November 20, 2018 — The prices for all forms of pollock look set to continue to increase next year, sources in the US, Russia, China and Europe told Undercurrent News.
Prices for pin-bone out (PBO) blocks, double-frozen fillet blocks, and the headed and gutted (H&G) raw material the latter is based on, all look set for higher levels in 2019, having already firmed in 2018, the sources said.
During the China Fisheries & Seafood Expo, held Nov. 7-9 in a venue close to Qingdao, ex-warehouse prices of around $3,500 per-metric-ton were being discussed for PBO blocks for A season. Prices for B season of 2018 were done around $3,350/t. Also, double frozen fillet block prices of around $3,200/t are also being discussed for next year.
“We see the price of $3,500/t reached and confirmed and we will take it up from there,” Fedor Kirsanov, CEO of Russian Fishery Company (RFC), told Undercurrent at the show, of the situation with PBO. US suppliers and also a large European buyer confirmed this level.
The level in the A season of 2018 was around $3,000/t (see image below and use the Undercurrent prices portal for interactive data), a leap from the very low level of around $2,350/t hit in the B season of 2017, as the price bottomed out. The pace of the increase has shocked buyers, but producers have been quick to point out this is only a return to a historical norm.

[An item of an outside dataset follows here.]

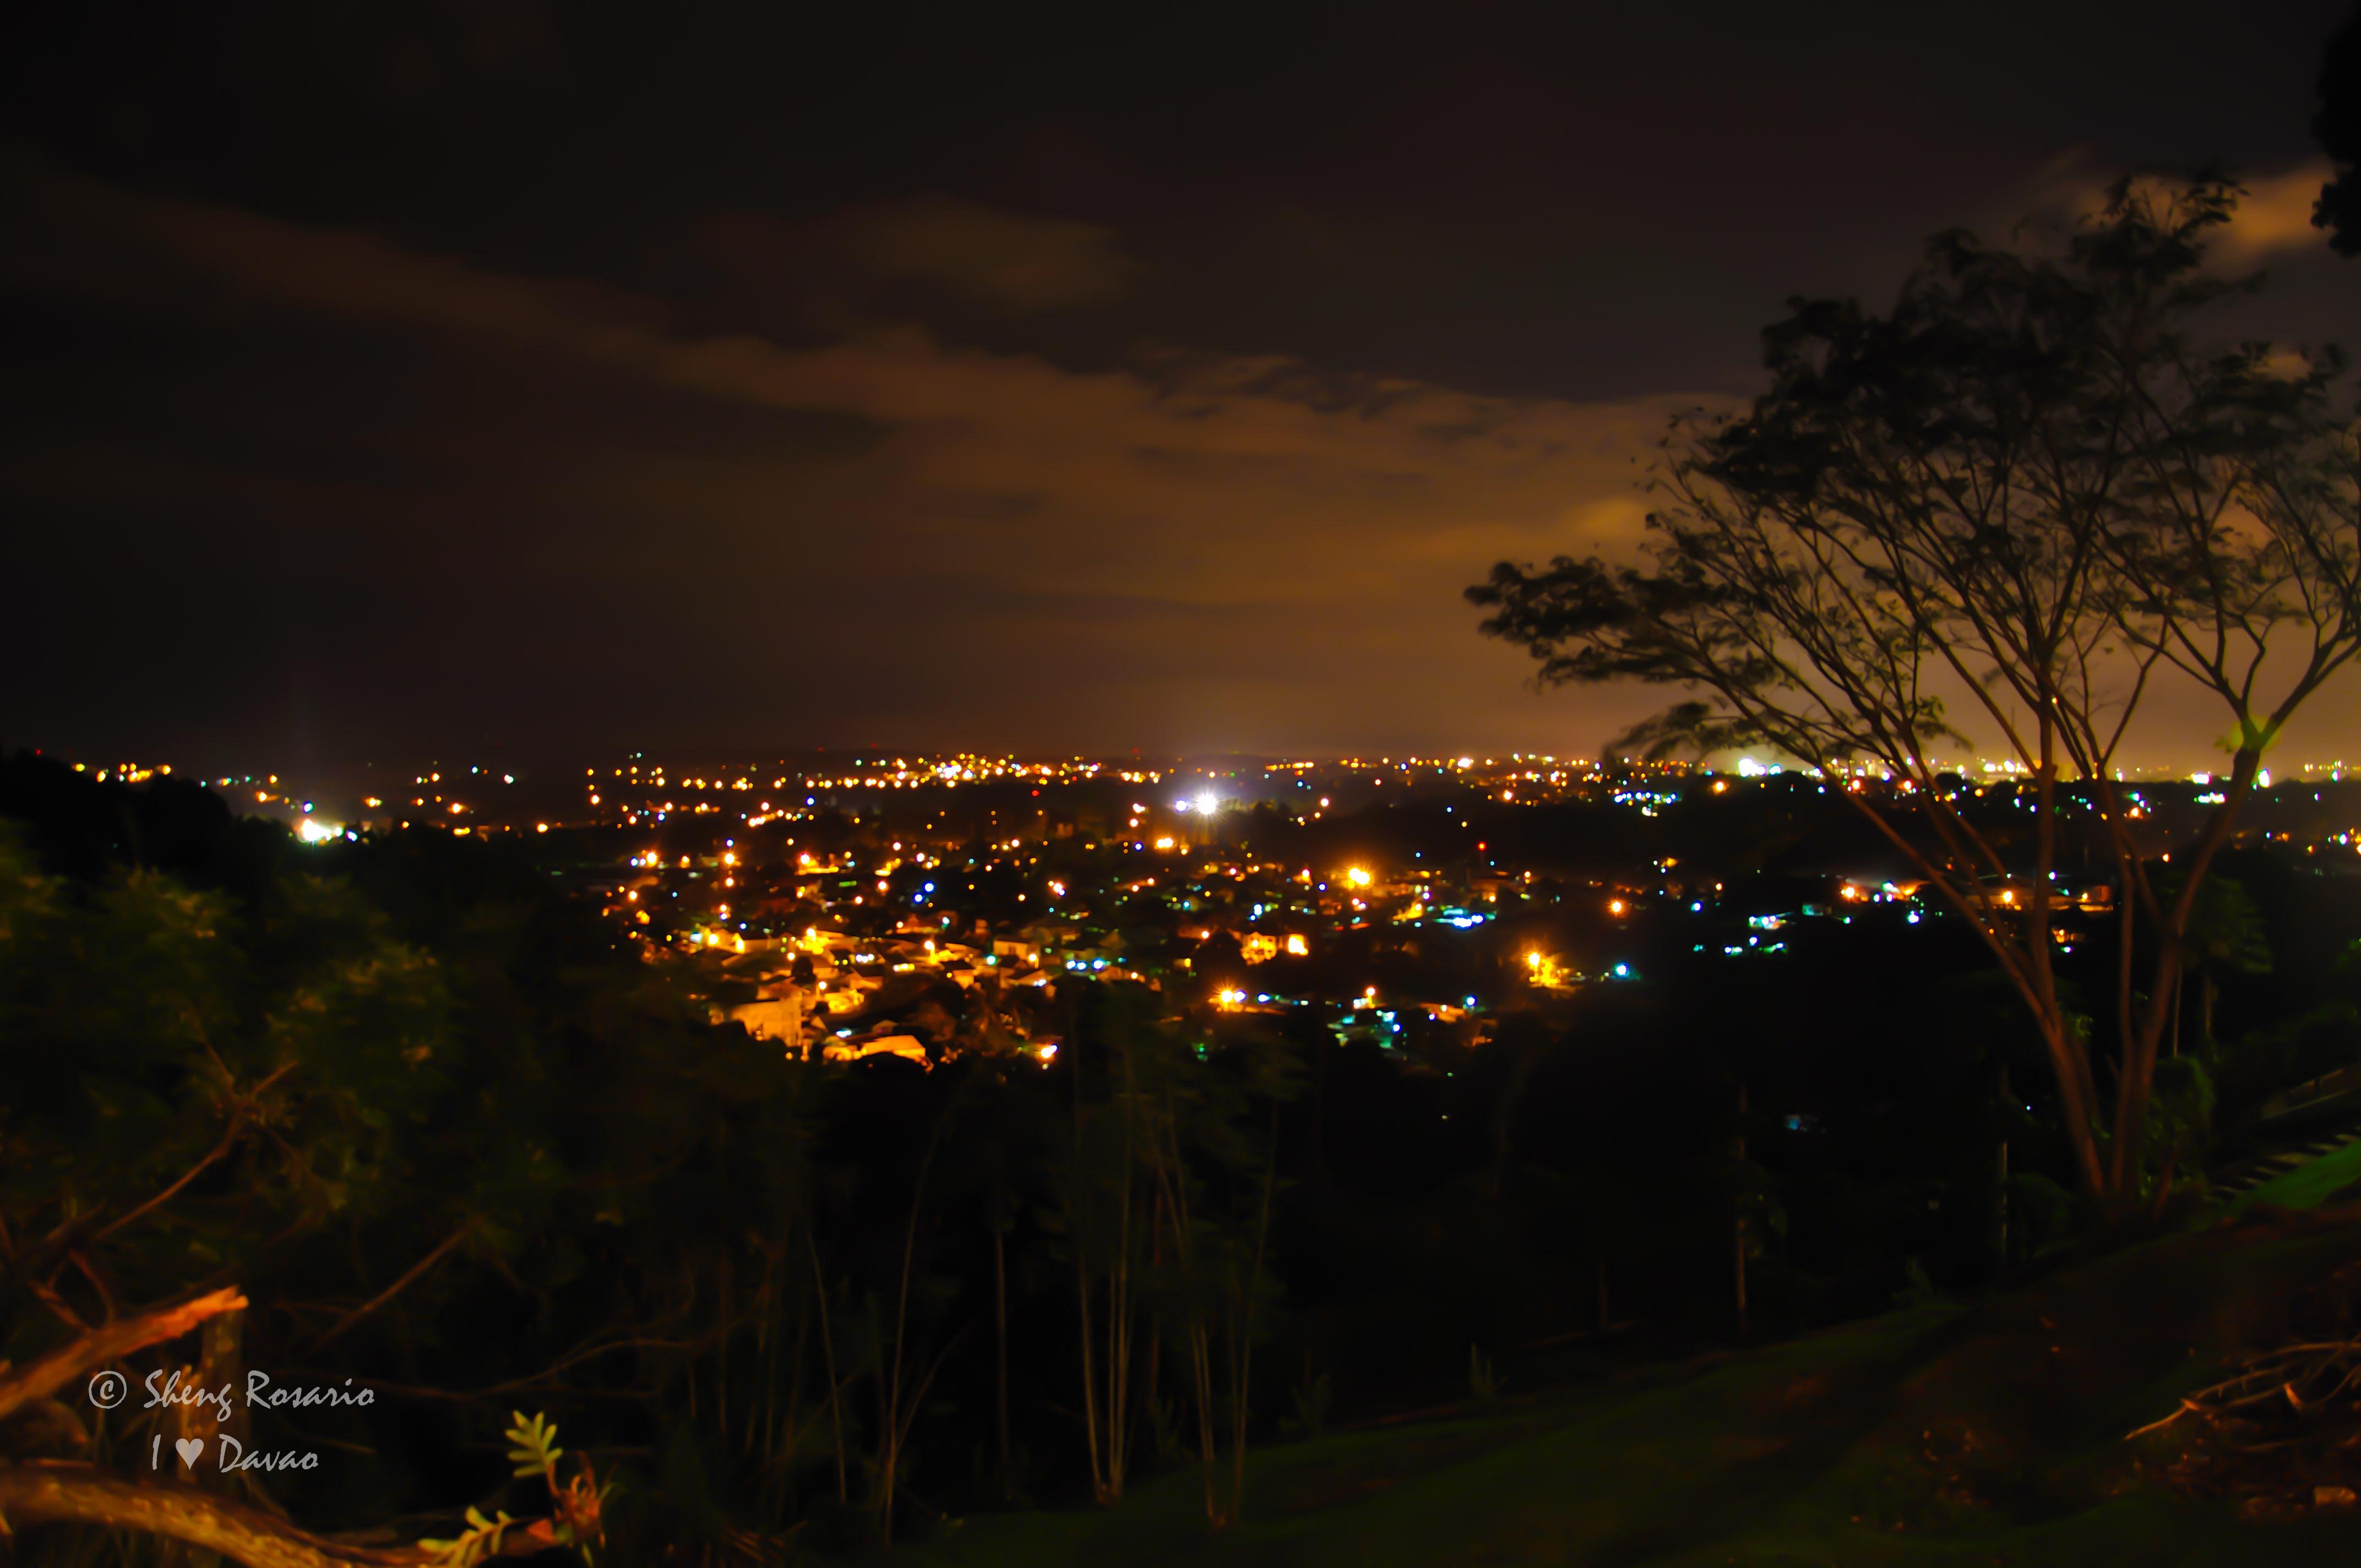 Jack's Ridge, Davao City

“We felt the fall was pretty quick. Now, it’s going more back to normal. It’s also not like pollock has gone off the charts. It’s back to a level where everyone can make money. It’s going back to a level where producers can make investments,” Tom Enlow, CEO of UniSea — a pollock, cod and crab processing plant in Dutch Harbor, Alaska, which is owned by Japan’s Nippon Suisan Kaisha (Nissui) — told Undercurrent.
The speed of the price increase has been driven by new markets taking the fish, he said.
“When the prices were very low, the producers looked at new markets. There has been more focus on deepskin for Asia and also surimi. Demand for surimi has been very strong, due to the shortfall in warmwater surimi,” the Nissui executive said. “The shortage in warmwater is the reason Thailand is so hot at the moment for surimi. Also, Japan is stable, but they take almost half of the surimi the US produces.”